We are, however, quite some way from this stage at present. Like all developments with revolutionary potential, CRISPR remains highly controversial, with the risk being that its evolution may open a Pandora’s box of problems. These can be summarised in (at least) three overlapping key areas: ethical/security; practical/technological; and legal/procedural. The most profound concerns centre on the argument that humanity does not have the right to engineer its own genetic future. Regulatory bodies around the world have, at least, been proactive in addressing this issue, making clear that the purpose of CRISPR is not to edit human DNA, but to cure diseases. Furthermore, from 2018 onwards in the US, the EU and the UK, every animal used in a lab must be declared and logged in a database. Despite the best intentions of regulators, the fear of DNA editing being used by bio-hackers for nefarious purposes cannot be fully dismissed.

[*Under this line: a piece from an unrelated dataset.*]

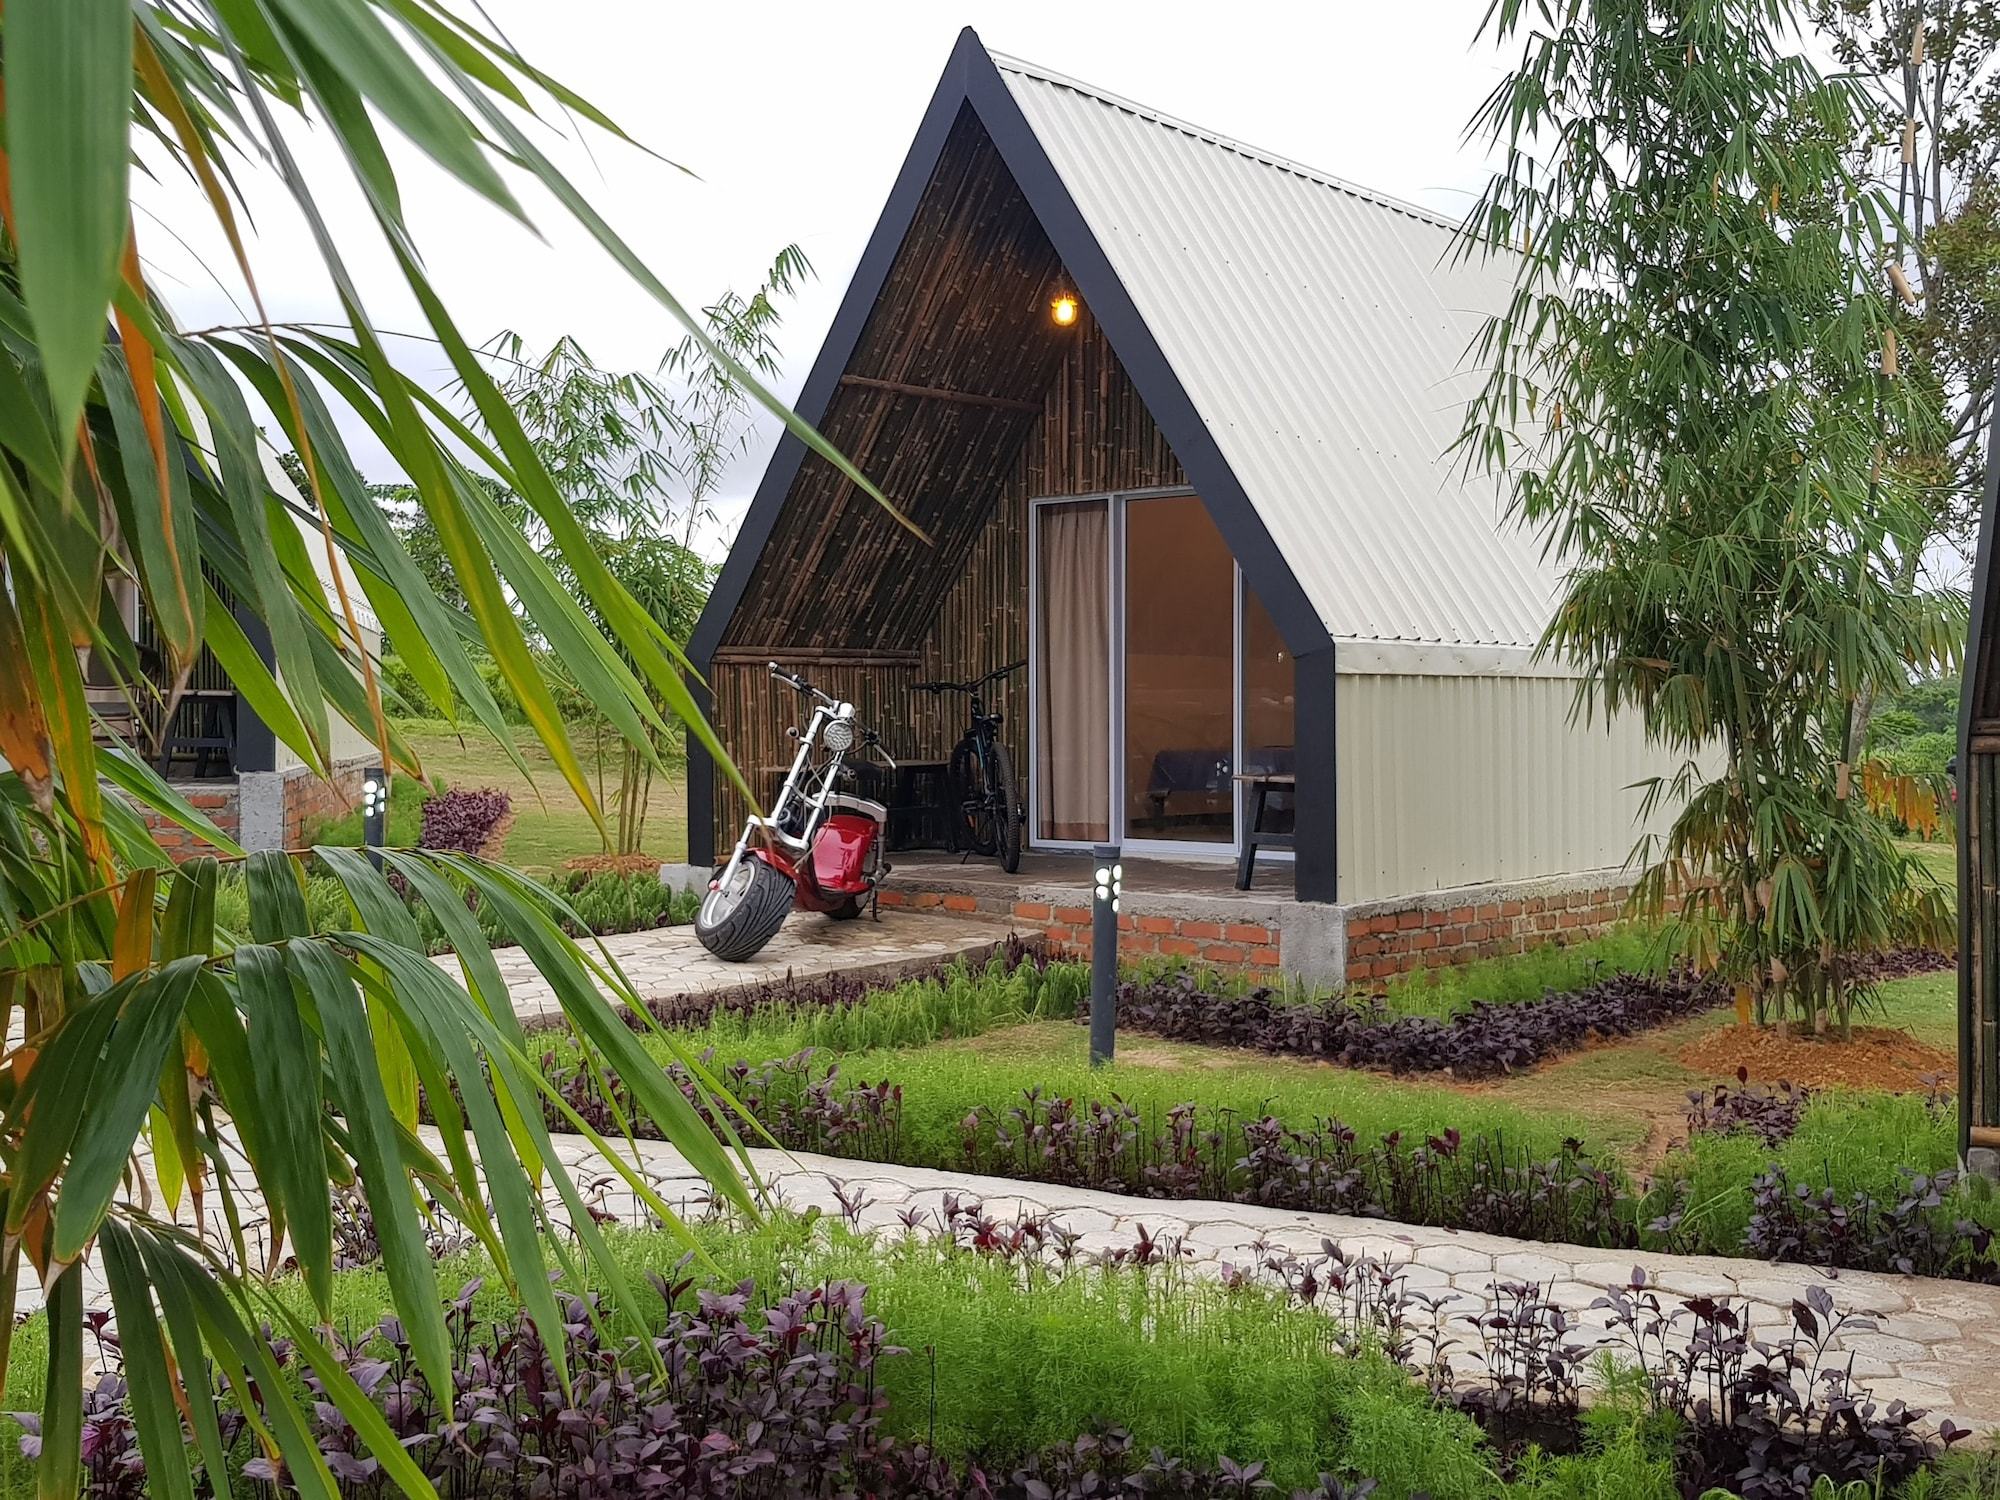 D'Bamboo Kamp Desa Wisata Ekang, Bintan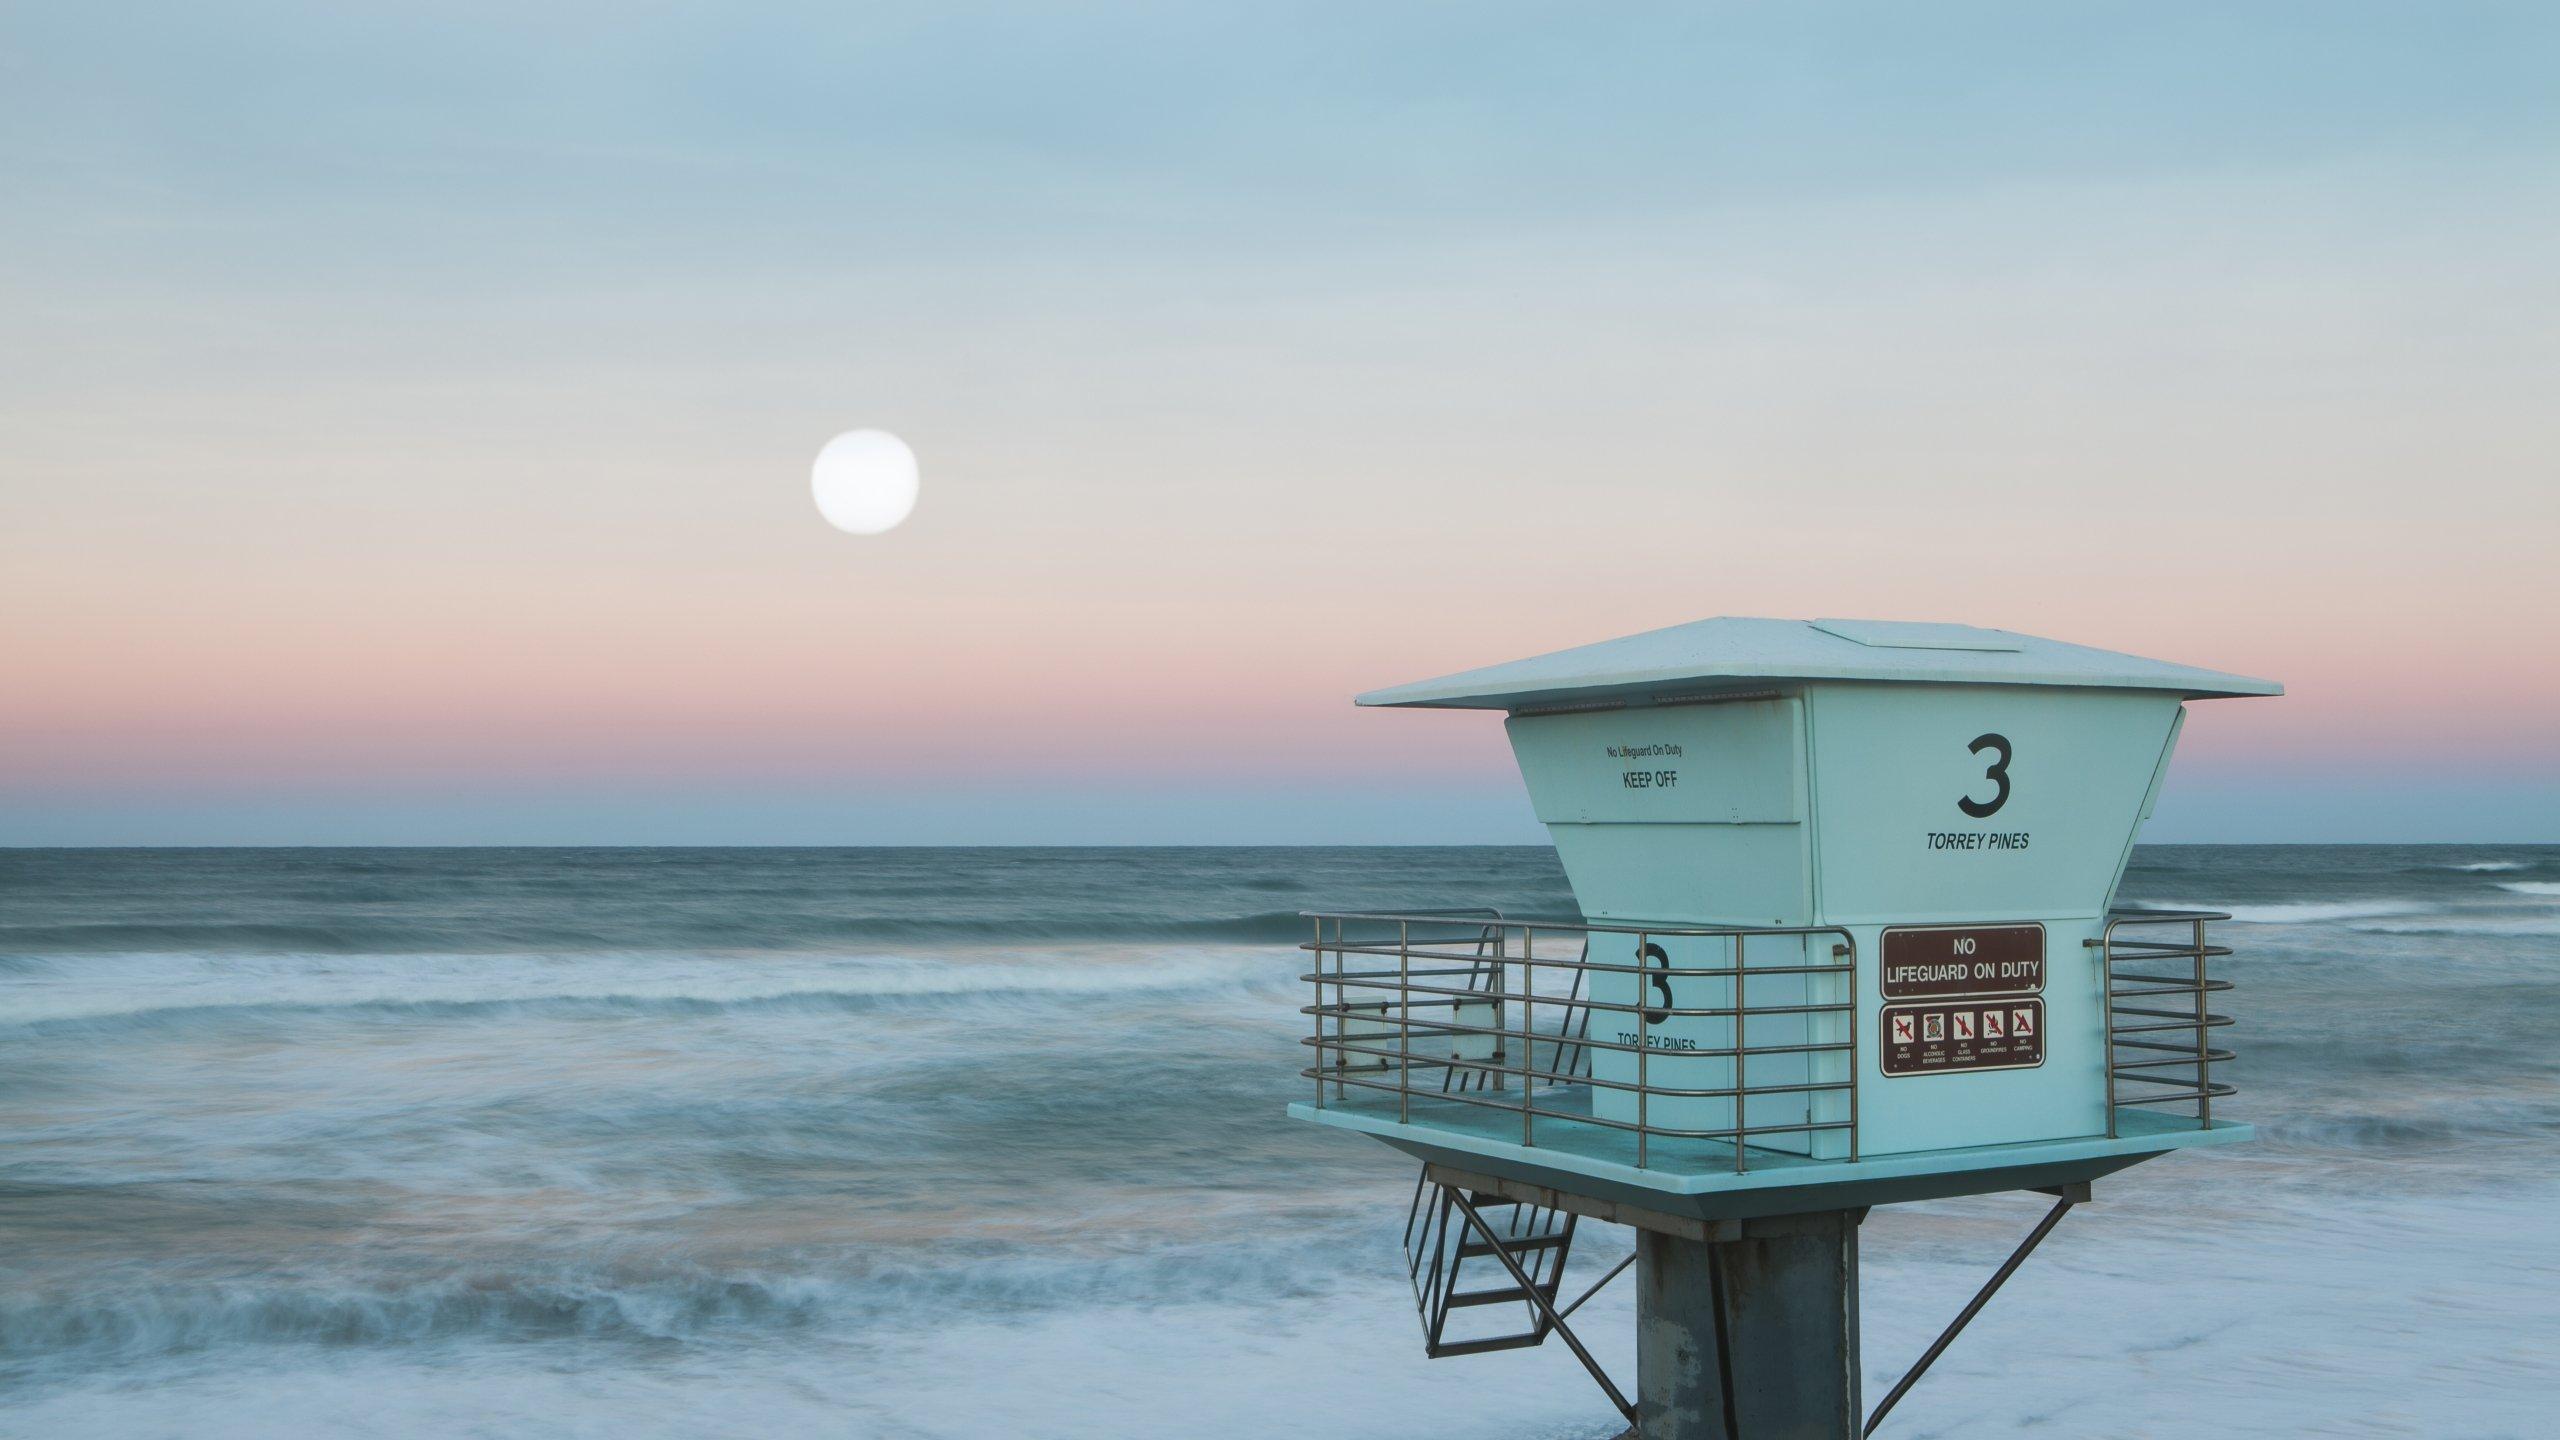 Pink Moonset - Pacific Ocean San Diego, California

Another worry relates to the fact that the implications of applying CRISPR are not yet proven and so the consequences (and side-effects) are unclear too. These may be both harmful and unpredictable, especially given the relative immaturity of the technology. Its very rate of change may also limit the ability of regulation to keep up effectively. Moreover, superior gene-editing techniques may also emerge, potentially eclipsing CRISPR. Finally, do not dismiss the possibility that CRISPR’s imminent commercialisation may be grounded in the near-term given that a patent war is currently ongoing between the two universities (the Broad Institute and the University of California) that claim to have discovered the technology.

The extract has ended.